We didn't have time, we just bed the ceiling mold trim into the miter saw bed and cut. If the wall was a 45 degree wall outside corner we cut both pieces of trim 22 1/2 degrees and install. If the wall was and inside corner with a 45 degree wall, that was a little more complicated. We cut one piece of the trim at a 45 degree to fit the wall, then we cut the other piece at a 22 1/2 degree and cope really deep back under so the piece would lay over the first piece we installed.

Try this, if you are having problems with a wall that is not a true 45 or 90 or what ever, cut both pieces of trim and glue and shoot them together on the floor or a table, than put the trim in place. If painted you can caulk under the trim. 

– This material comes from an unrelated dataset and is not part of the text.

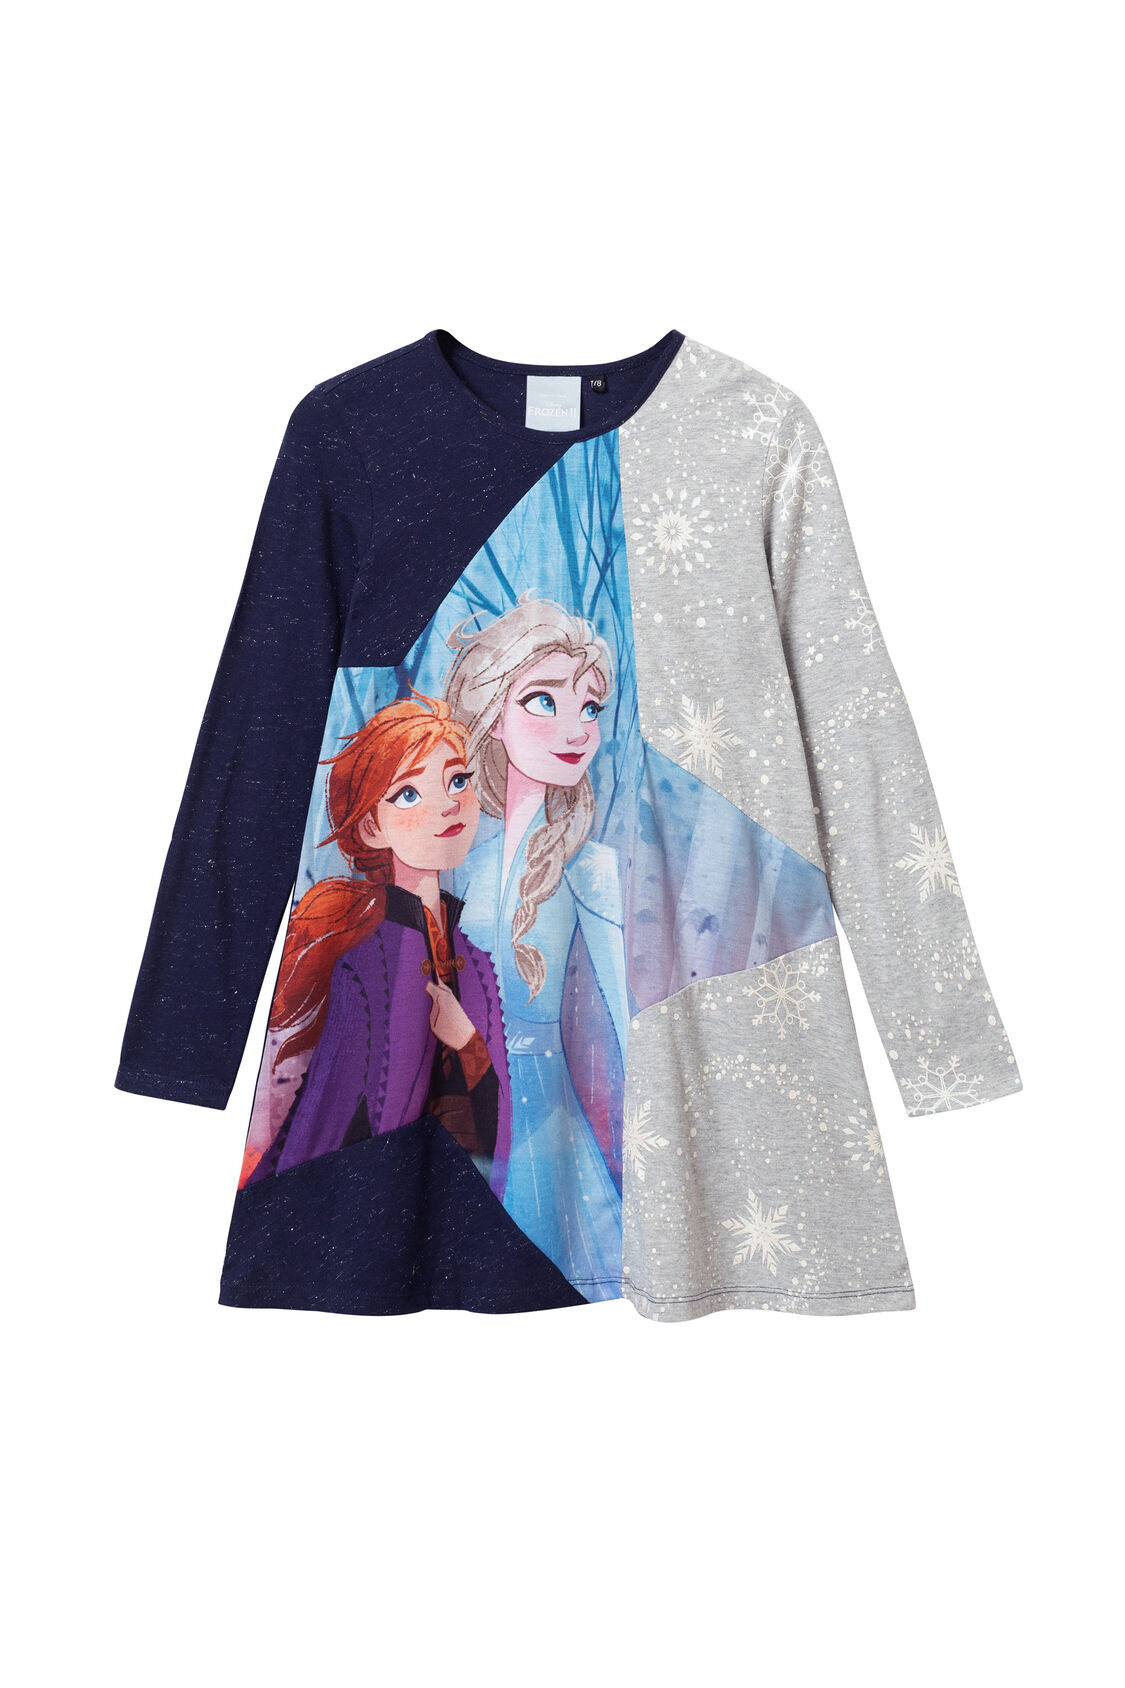 Atrás, atrás, atrás parte Microprocesador Sinceramente Elsa and Anna "Frozen II" Dress

Just a tip on trimming a ceiling that has a bow downward or dip in it. Bed the trim in at both ends, mark the wall at the bottom of the mold and pop a line. Keep the mold on that line. You will have to roll the trim to stay on that line if the ceiling dips or is bowed down but the dip or bow can't be seen with the ceiling mold straight.


----------



## Rebelwork (Jan 15, 2012)

BigJim said:


> I am confused why a jig (not trying to be a smart butt or anything), When trimming houses, we never had time to use jigs or anything like that we had to get the trim cut and put up fast or you didn't make any money. My crew and myself could trim a 2000 sq ft house with regular stairs in a day or we lost money. I can assure you we had to do some moving.
> 
> We didn't have time, we just bed the ceiling mold trim into the miter saw bed and cut. If the wall was a 45 degree wall outside corner we cut both pieces of trim 22 1/2 degrees and install. If the wall was and inside corner with a 45 degree wall, that was a little more complicated. We cut one piece of the trim at a 45 degree to fit the wall, then we cut the other piece at a 22 1/2 degree and cope really deep back under so the piece would lay over the first piece we installed.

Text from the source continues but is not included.